== About this task ==
Output, exactly as written, the lines below starting at the line containing "La presentación será" and ending at the line containing "Loose Weave Stock Strapback Black 131997". Drop the pictures and keep both end lines.

== Input material ==
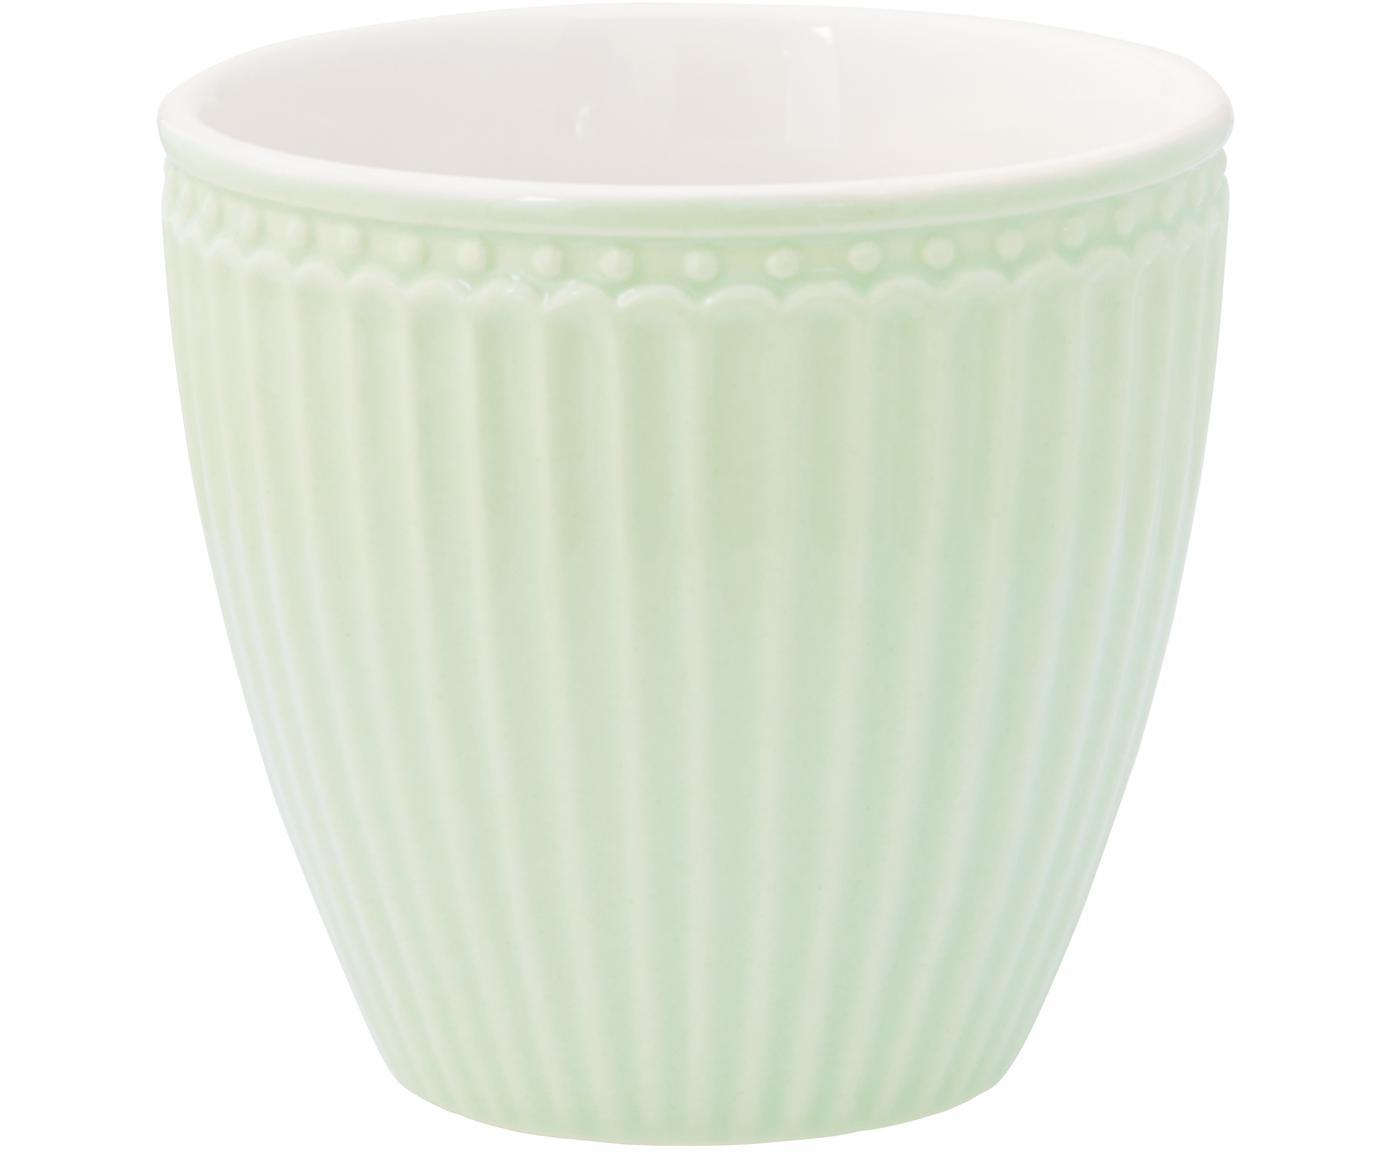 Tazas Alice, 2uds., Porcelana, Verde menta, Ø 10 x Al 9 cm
...
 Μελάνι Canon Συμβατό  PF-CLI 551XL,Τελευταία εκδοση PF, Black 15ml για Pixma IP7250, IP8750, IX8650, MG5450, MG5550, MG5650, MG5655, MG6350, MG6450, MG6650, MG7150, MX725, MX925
* * *
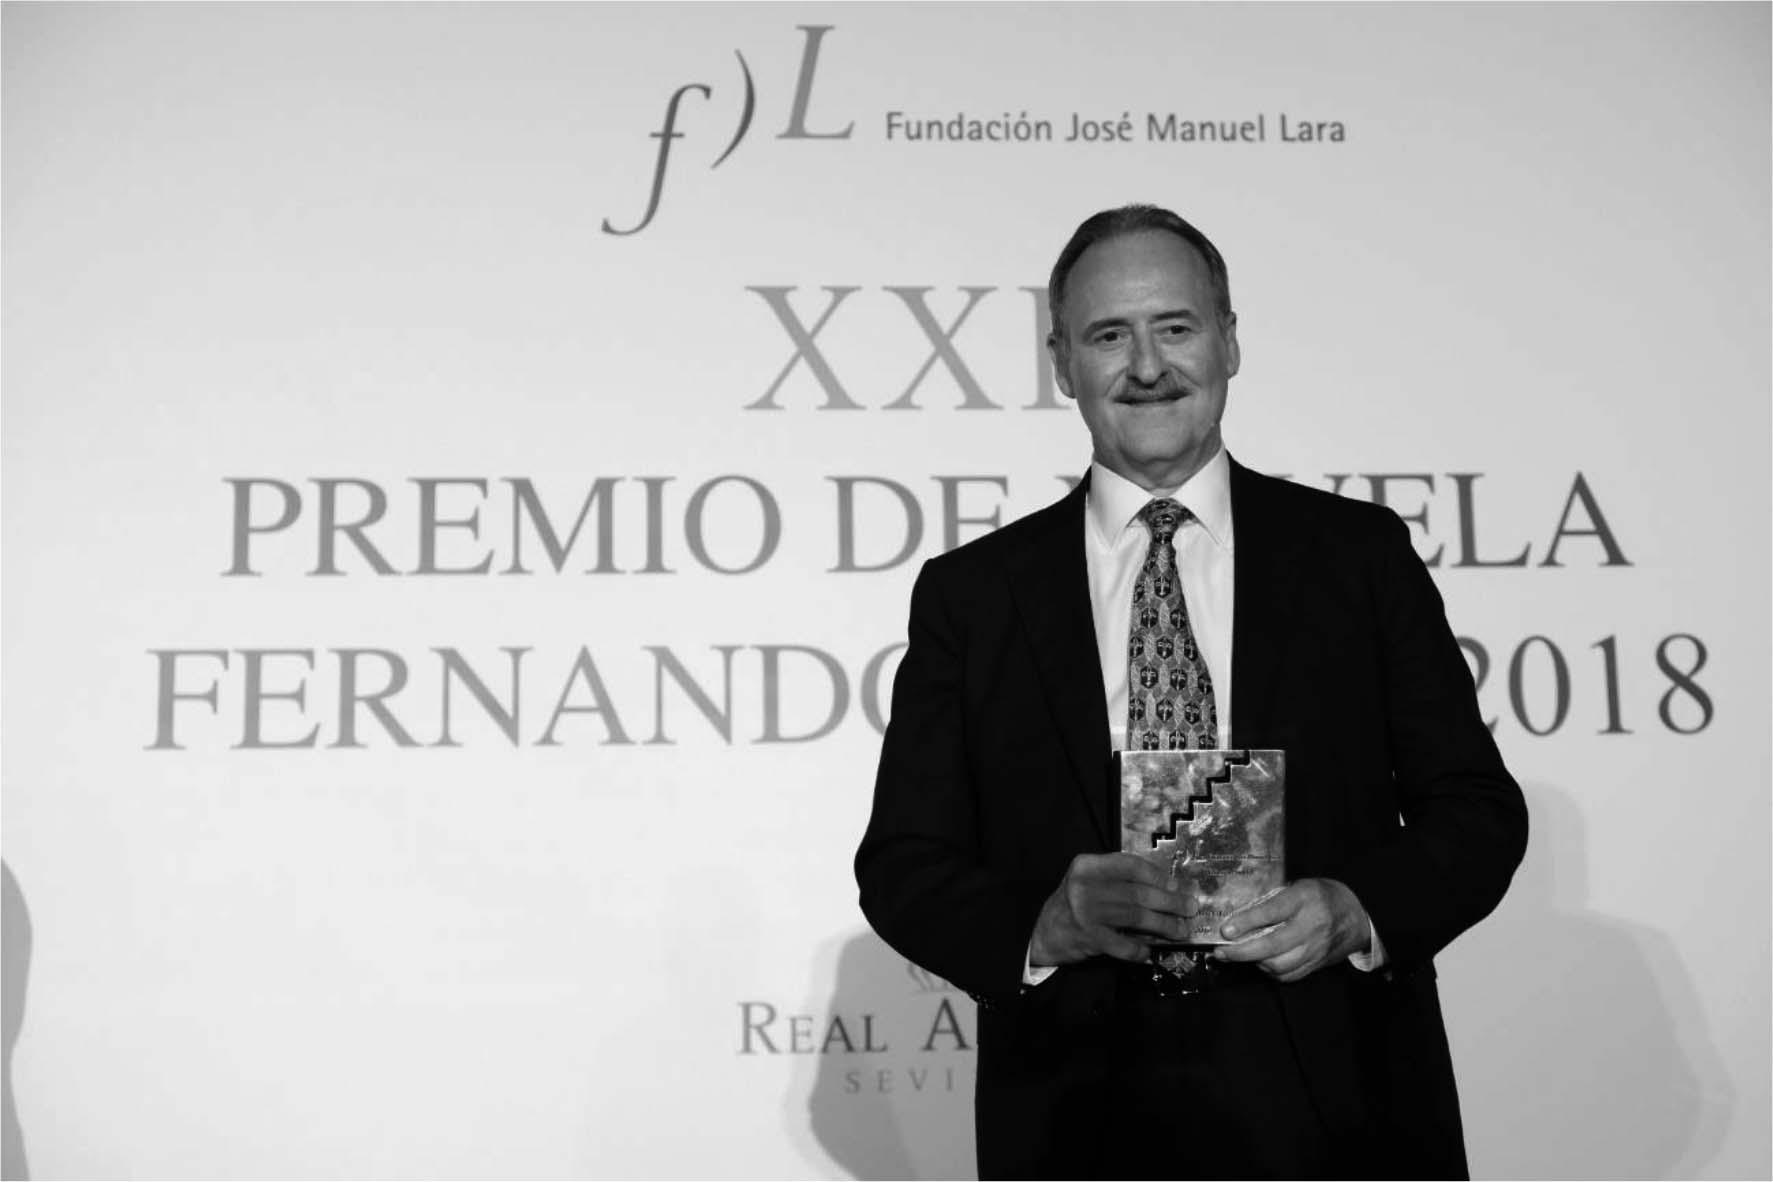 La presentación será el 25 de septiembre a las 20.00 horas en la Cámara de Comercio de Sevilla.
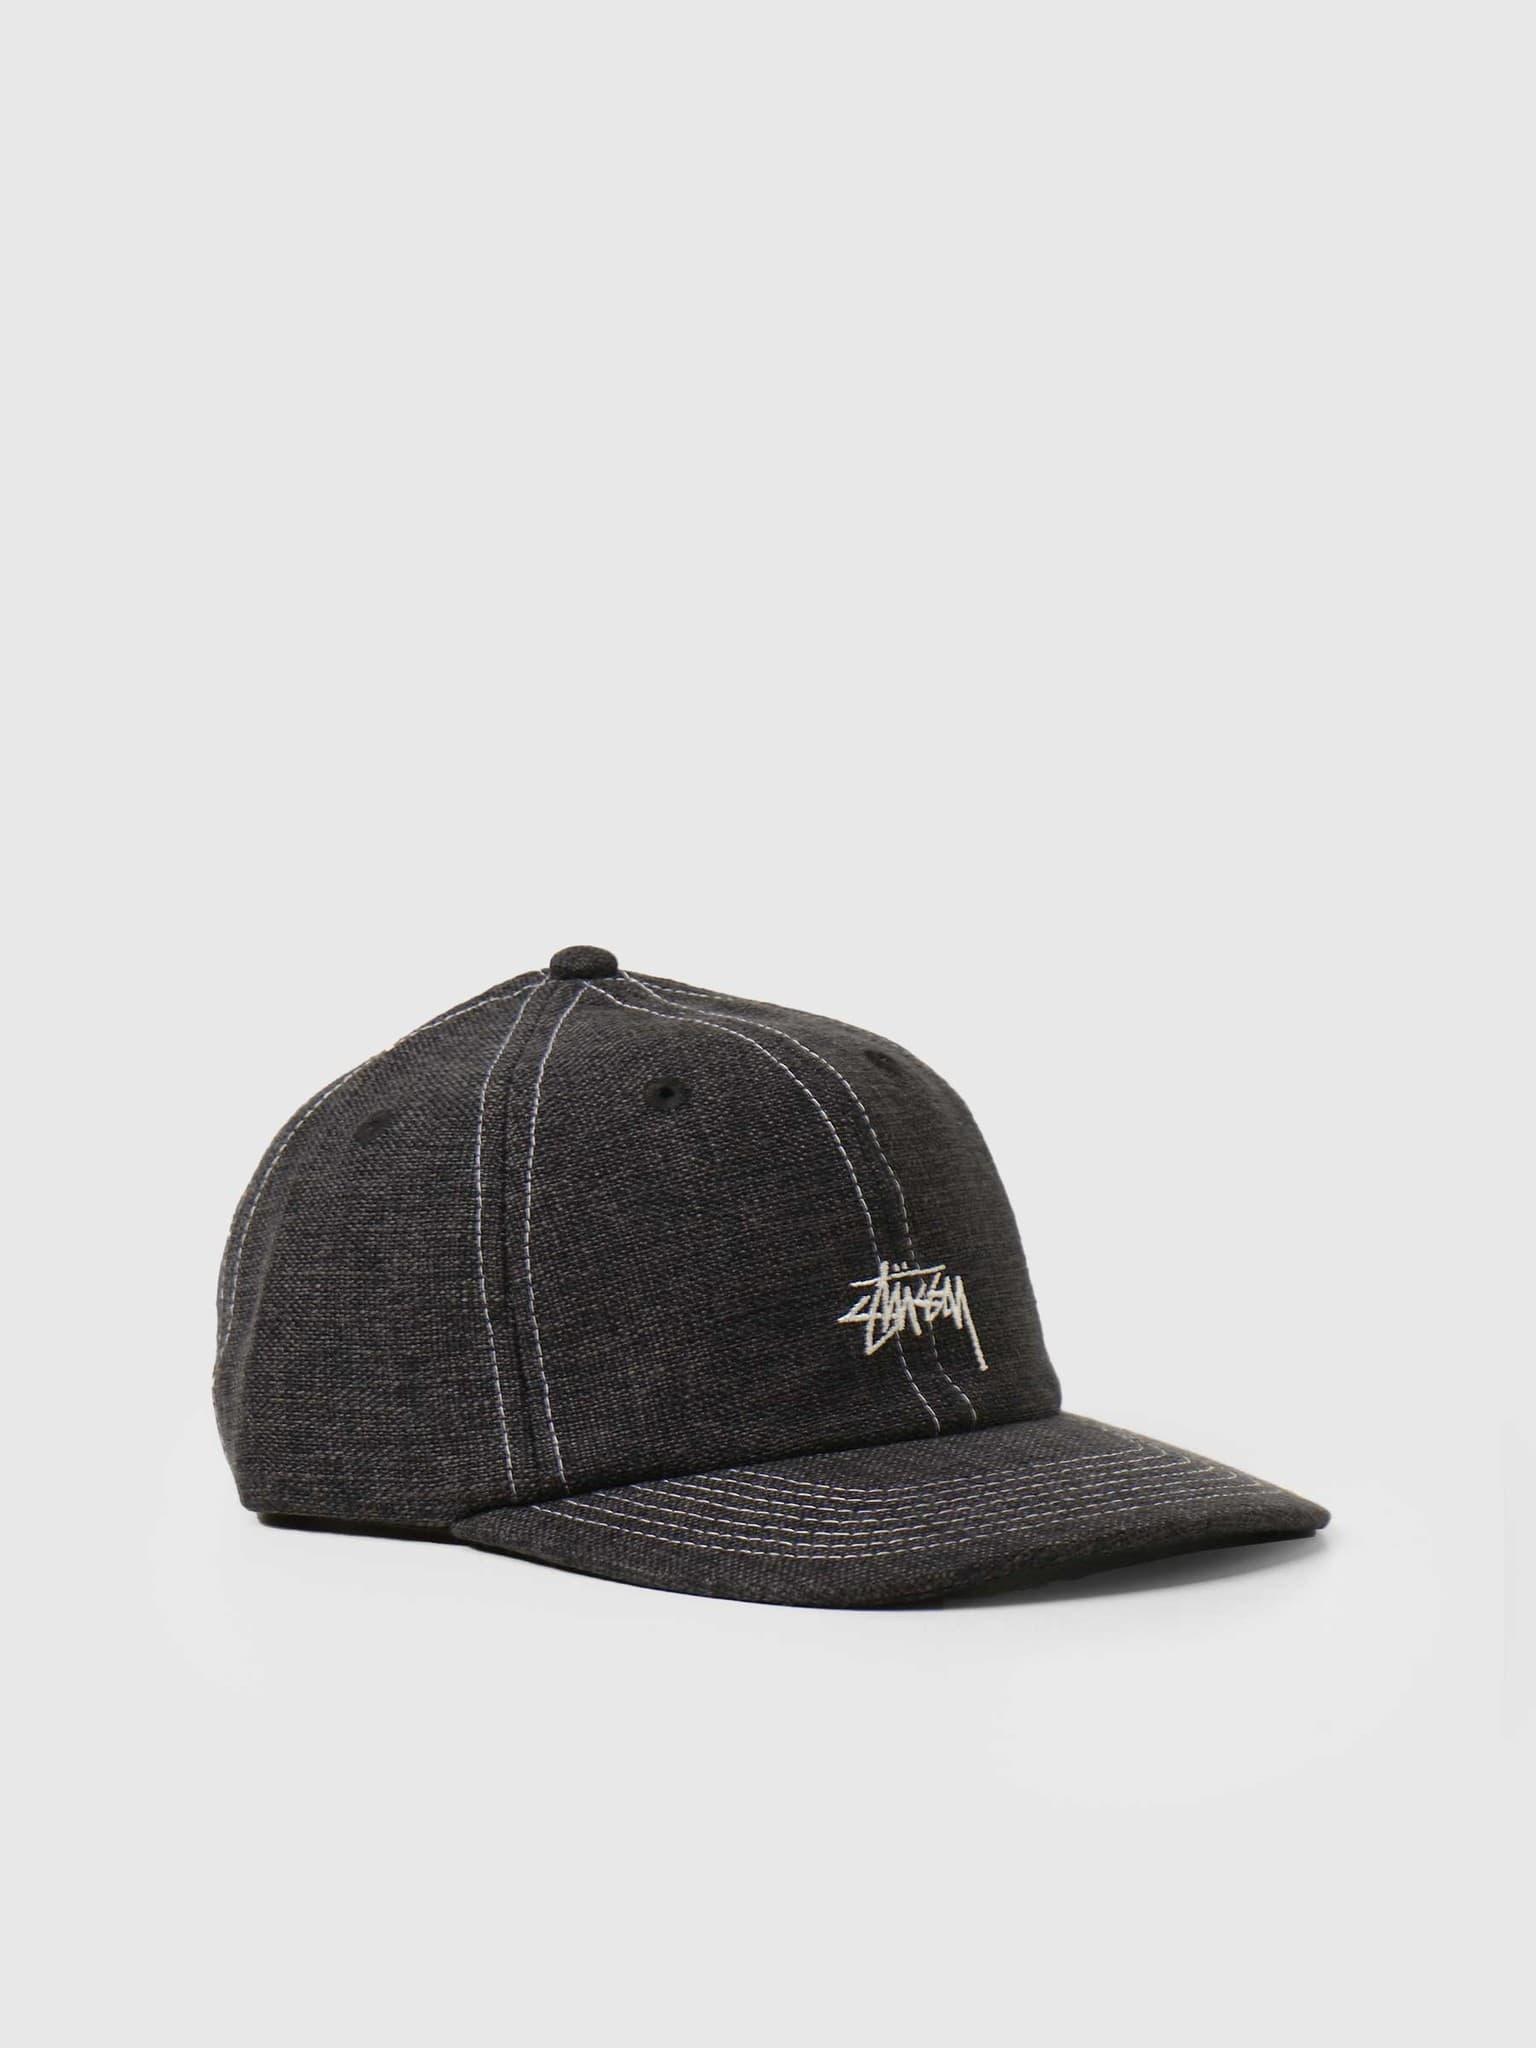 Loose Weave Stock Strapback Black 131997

== Task result ==
 La presentación será el 25 de septiembre a las 20.00 horas en la Cámara de Comercio de Sevilla.
 Loose Weave Stock Strapback Black 131997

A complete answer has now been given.